Orlando Saunders: ""They were the best family in the neighborhood in case of sickness; one was at my house nearly all the time when my father died"

Former neighbor Orlando Saunders recalled that: "They were the best family in the neighborhood in case of sickness; one was at my house nearly all the time when my father died....[The Smiths] were very good people. Young Joe (as we called him then), has worked for me, and he was a good worker; they all were. . . . He was always a gentleman when about my place."[5]

John Stafford: Joseph "would do a fair day's work if hired out to a man"
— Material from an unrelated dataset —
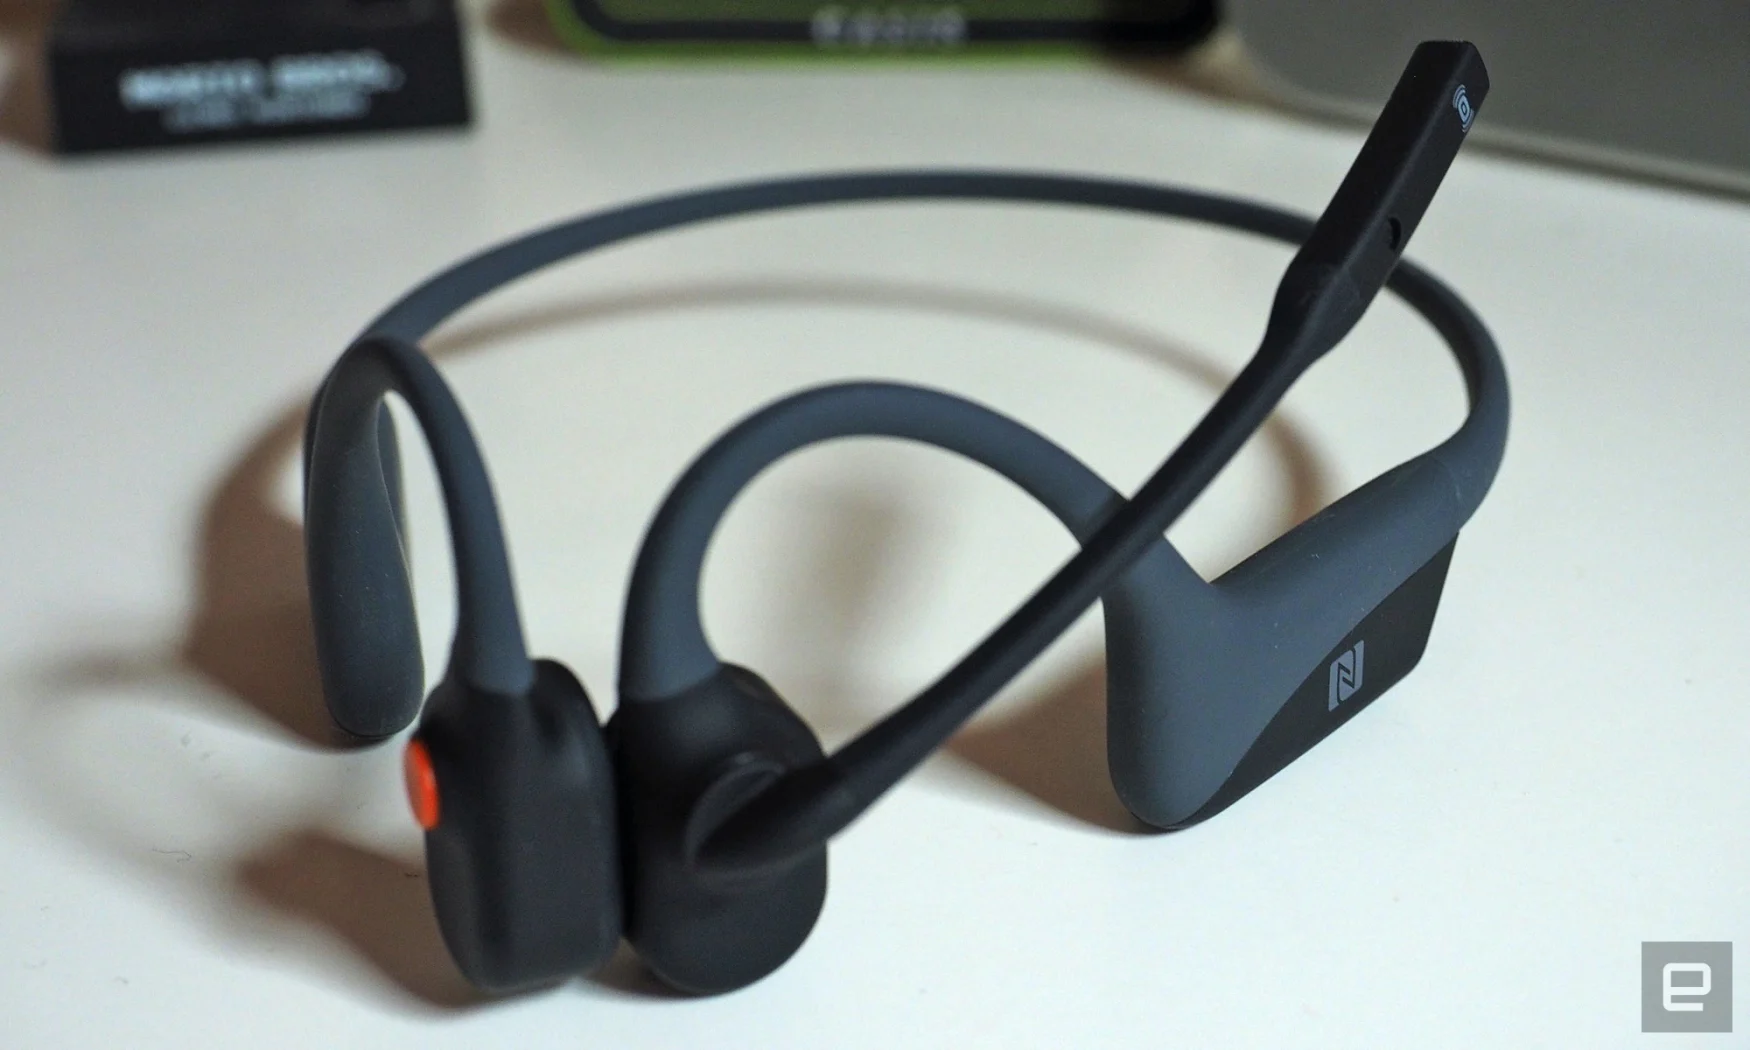 Aftershokz office-oriented bone conduction headphones.

John Stafford, eldest son of William Stafford said that the Smiths were "poor managers," but allowed as how Joseph "would do a fair day's work if hired out to a man...."[6]

Notas

  1. Donald L. Enders, "The Joseph Smith, Sr., Family: Farmers of the Genesee," in Joseph Smith, The Prophet, The Man, edited by Susan Easton Black and Charles D. Tate, Jr., (Provo, UT: BYU Religious Studies Center, 1993), 213–25.
  2. Daniel C. Peterson and Donald L. Enders, "Can the 1834 Affidavits Attacking the Smith Family Be Trusted?," in Pressing Forward with the Book of Mormon: The FARMS Updates of the 1990s, ed. John W. Welch and Melvin J. Thorne (Provo, UT: FARMS, 1999), 286–87. off-site (Inglés)
  3. Enders, 220.
  4. Richard Lloyd Anderson, "Joseph Smith's New York Reputation Reappraised," Brigham Young University Studies 10 no. 3 (1970), 285. For more details, see Richard Lloyd Anderson, "The Reliability of the Early History of Lucy and Joseph Smith," Dialogue: A Journal of Mormon Thought 4:2 (Summer 1969): 16, 19.
  5. Anderson, "Joseph Smith's New York Reputation Reappraised," 309; cited by Matthew Roper, "Review of The Truth about Mormonism: A Former Adherent Analyzes the LDS Faith by Weldon Langfield," FARMS Review of Books 4/1 (1992): 78–92. off-site (Inglés)
  6. William H. Kelly, "The Hill Cumorah, and the Book of Mormon," Saints' Herald 28 (1 June 1881): 167; cited in Dan Vogel (editor), Early Mormon Documents (Salt Lake City, Signature Books, 1996–2003), 5 vols, 2:121.